Wall Street brokerage Goldman Sachs has flagged a slew of concerns on the surging COVID-19 caseload that has been hitting new records everyday, coupled with the rising lockdowns, forcing it to downgrade India's GDP growth forecast for the full year to 10.5 per cent from 10.9 per cent, apart from pegging down stock indices valuation and earnings.
In a detailed note on Tuesday, Goldman Sachs' house economists led by Sunil Koul said these record number of pandemic cases and a host of key states announcing stricter lockdowns of late have fuelled serious growth concerns, leaving investors worried about the risks to macro and earnings recovery.
It revised down its 2021 real GDP growth forecast to 10.5 per cent, from 10.9 per cent previously, but it still remained above consensus. It also expects the June quarter growth to be impacted.
Accordingly, it has lowered the 2021 earnings growth forecast to 24 per cent from 27 per cent previously and expects the recovery to resume from July as restrictions normalise, vaccination pace accelerates and the global growth backdrop remains supportive.
The crisis of confidence was very clear in the equity markets, which has come under tremendous pressure and Nifty selling off 3.5 per cent on Monday alone.
The index is down 7 per cent from its year-to-date high.
Lowering the Q2 (June quarter) growth forecast without quantifying it though, the Goldman Sachs economists said they still expect all these to have only moderate impact overall as the restrictions have been targeted at specific sectors without broad spillovers so far.
On the valuation compression, they now expect only low-teen returns this year and have pencilled in a 10 per cent PE compression.
Goldman Sachs expects Nifty to reach 16,300 by December, down from the earlier forecast of 16,500, which implies only about 14 per cent upside in rupee terms.

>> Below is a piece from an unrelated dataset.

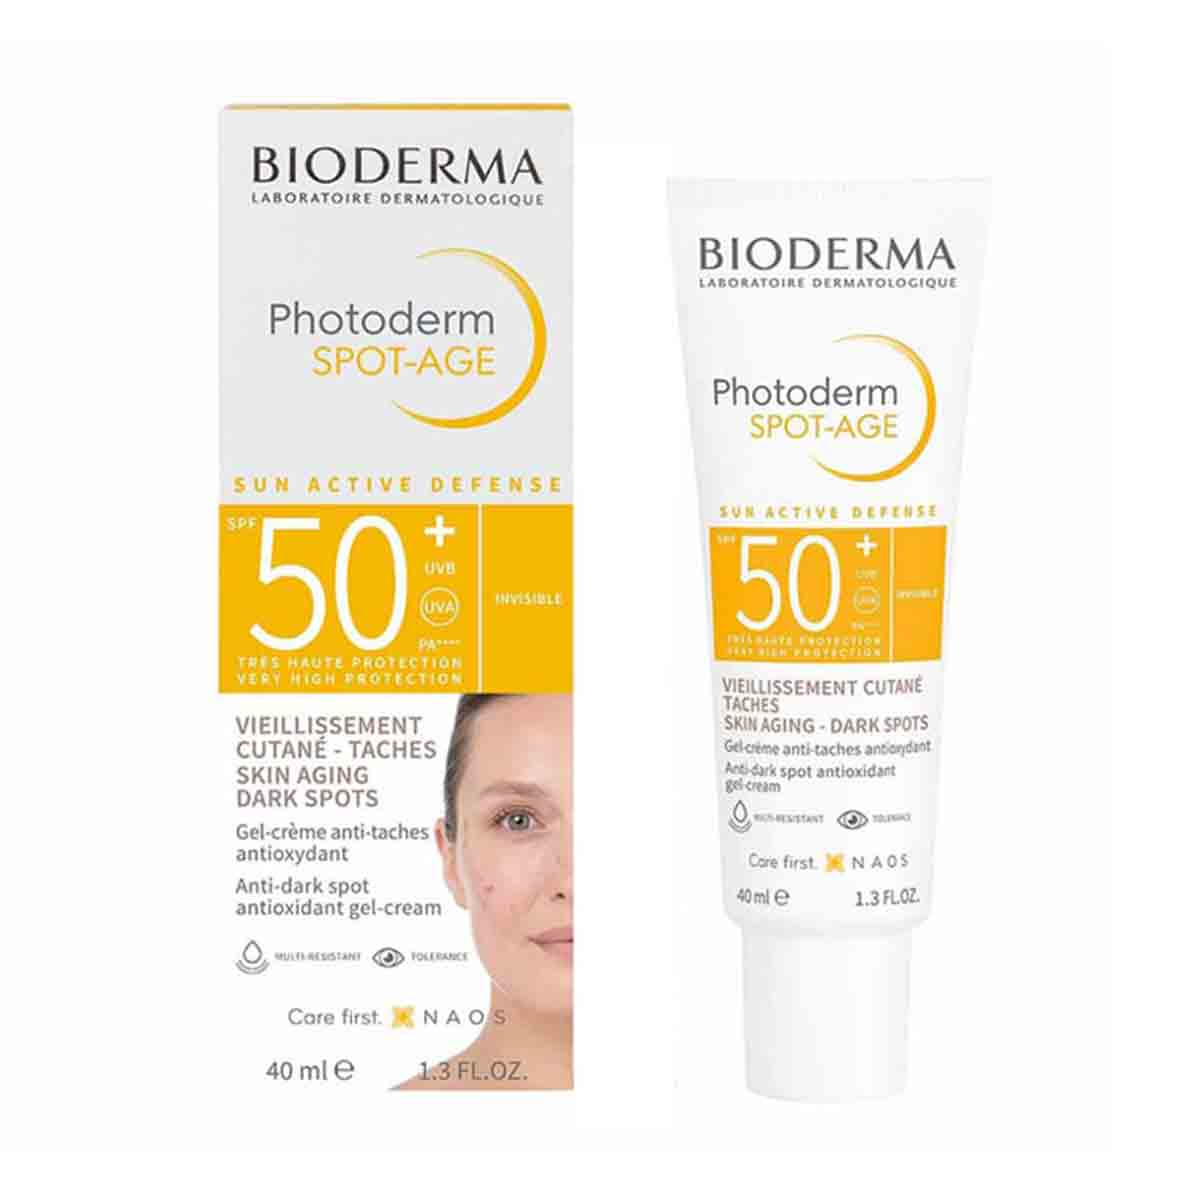 ژل کرم ضد آفتاب ضد لک و ضد پیری بایودرما +BIODERMA SPF 50 مدل Photoderm Spot-Age بی رنگ 40 میل

After the record spike in infections to over 1.68 lakh a day, major states including Maharashtra, Madhya Pradesh, Delhi, Tamil Nadu and Bihar have announced stricter lockdown restrictions, which are likely to broaden out in coming weeks.
The brokerage said the containment restrictions are likely to be more targeted with hits to specific services such as food and beverages, leisure and recreation, and transport, but with limited spillovers into other sectors like construction and manufacturing.

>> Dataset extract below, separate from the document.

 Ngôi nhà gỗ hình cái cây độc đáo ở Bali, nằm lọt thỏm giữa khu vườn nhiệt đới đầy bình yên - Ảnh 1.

While these restrictions are likely to hit activity in June quarter, activity is likely to rebound sharply from July as containment policies normalise, it added.
On the impact of the lockdowns, it said while near-term risks remain if restrictions and shutdowns broaden, more downside risks can be contained if market sensitivity to lockdowns comes down.
Yet, Goldman Sachs is overweight on India and favours targeted cyclical exposure, saying it remains constructive on domestic equities.